On Friday Joe took her to dinner, as before. Over the veal scallopini he said that his wife had bought herself a “parlor organ” and that he thought it was the silliest cure she had ever tried and entirely at odds with her character. “A piano, she could have taken up piano,” he said. “But something has been nagging at her for an organ. Maybe she's getting pious in her forties, maybe she's atoning for the sin of flimsiness.” He gazed at Ruth.
It seemed to Ruth an admirable thing, learning to play an instrument; she remembered that when she was nine her mother had persuaded her to take up the violin, but after a few lessons she had to give up because she couldn't remember anything, her fingers gripped the instrument with a kind of paralysis. “Isn't it all right, an organ? If she wants one?”

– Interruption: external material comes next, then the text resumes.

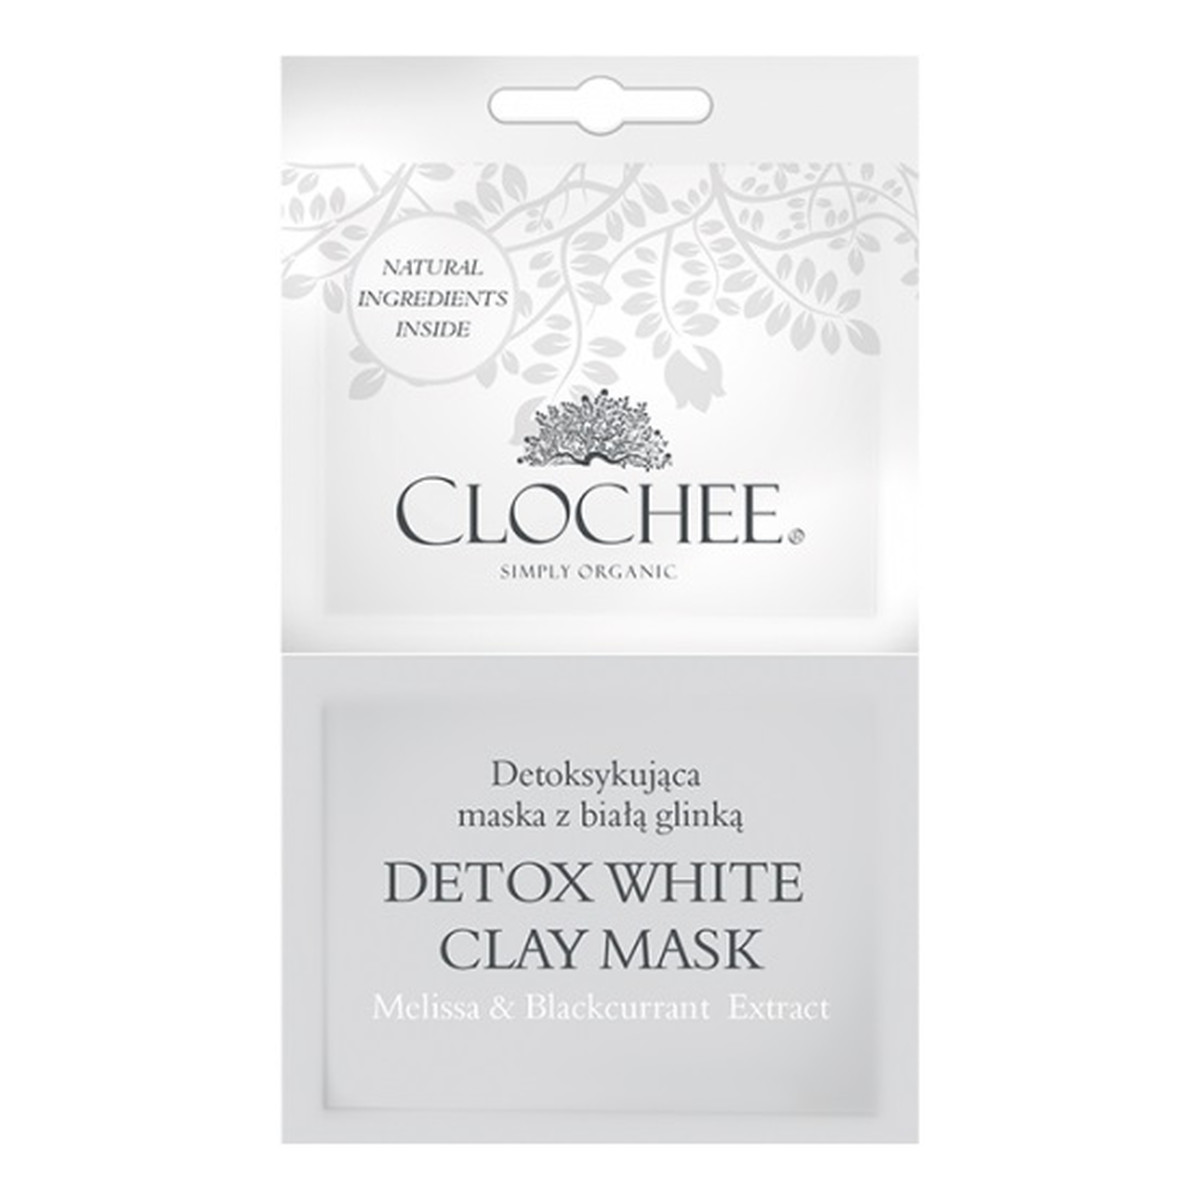 Clochee detoksykująca maska z białą glinką 2 x 6ml 6ml

“Yes, of course,” he said, and she saw that he was irritated by her inability to perceive his wife's motives. Any motives.
They ate in silence, his satisfaction with the food and his dissatisfaction with her answer mingling in his face.

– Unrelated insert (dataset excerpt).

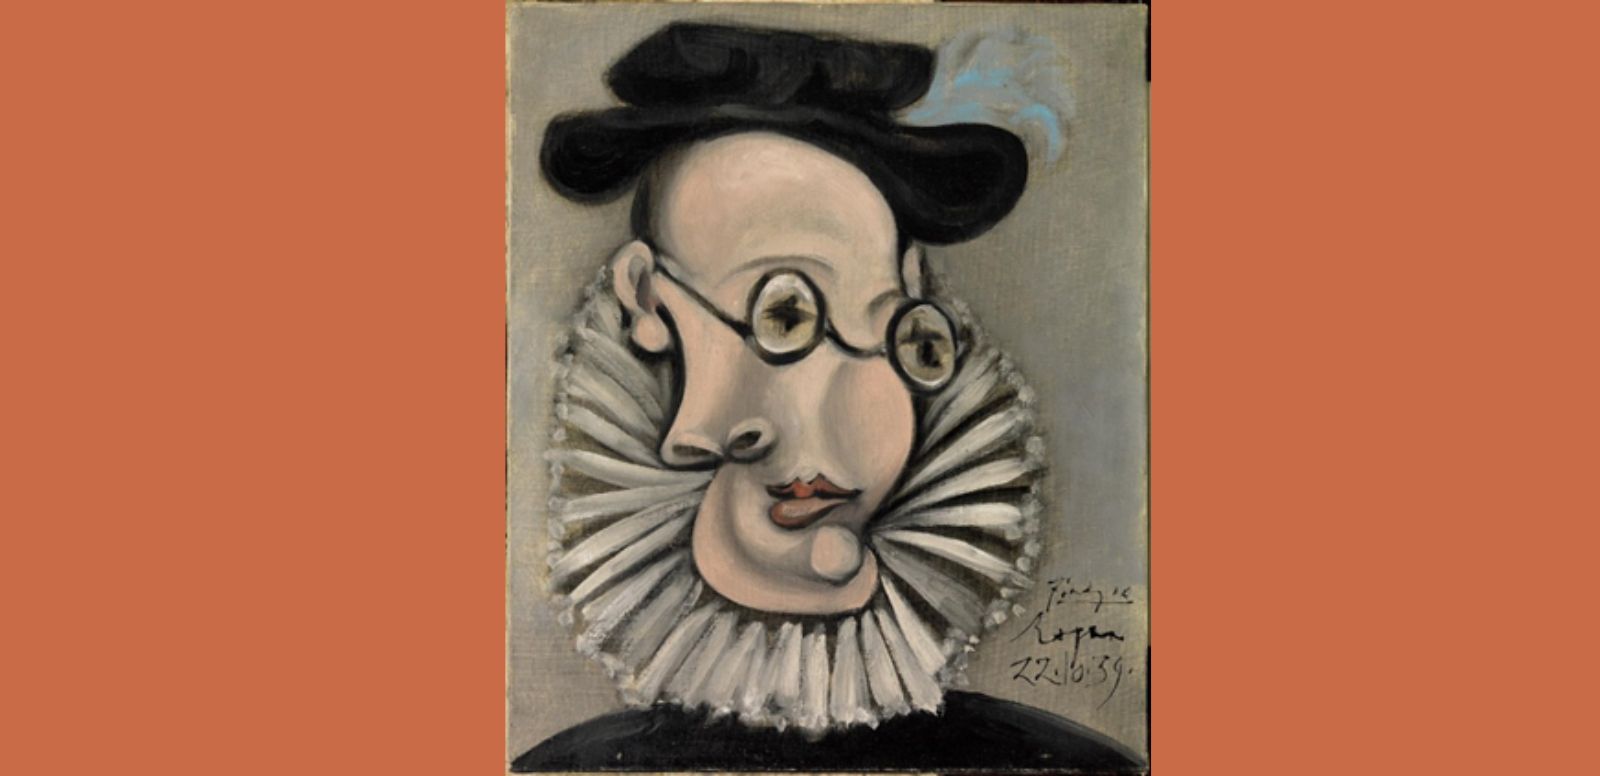 Pablo Picasso, “Jaume Sabartés con gorguera y sombrero” 1939

“Carol doesn't like me, does she?” he asked.
“She likes you, Joe.”
He snorted softly. Lifting his eyes, portentously large and dark, he said, “Ruthie, you're just like your mother. She was so loyal it broke your heart. If you think I'm hanging around too much, tell me to stay away. If I'm boring you girls by trying to extend the past, please don't coddle me.” Then soothingly he was saying, “All right, no more. I always get self-pitying after a good meal. It keeps my weight down.” And she knew that her eyes were the color of hysteria. He began to talk of the decorations in the restaurant, of the girl cashier. And the rest of the evening, spent wandering about the Museum of Modern Art, he commented on everything, persuading her with his chatter and his constant cupping of her elbow that he was entirely reassured, that he knew she was glad to be with him because he was so lively and so erudite and so dear.
He began visiting, after that, as frequently as he had visited her mother, and she felt that in this effort of his to make amends for the hurt he had dealt her that evening, he was finding release from his mocking self that even her mother had been unable to exorcise.
One evening late in October, he paused in the lobby with her as she was seeing him to his car. “All set for the holidays?” he asked.
Aunt Vera, she said, had invited her and Carol to Thanksgiving Day dinner, and at Christmas she thought she would go up to
Carol's family and make her apologies for being such an unhappy guest in the summer.
“That's fine,” he said. “You don't feel neglected, I bet.” And they flashed smiles at each other. But he paused again out in the entrance where the slick, heavy leaves of the potted plants were bobbing in the moving mist. “Well, that's it,” he said resignedly. “Sigrid's going to New York to spend Christmas with her sister, who's just returned from Europe. I'd been thinking . . . well, this is the first Christmas since Alice left and she'd probably like us to carry on in the old way just once more. We could ask her friends in the next apartment to help decorate the tree and I'd make eggnog for everybody, and then on Christmas Day I'd roast a duckling for us and bake a mince pie. You remember? The only reason I'm thinking this way is that I've made a New Year's resolution already. After the first of the year you won't be seeing so much of me anymore. It's time I snapped out of it, it's time I left. I think that you and Carol ought to move to a sorority house or a dormitory. You need to get away from the place, too.”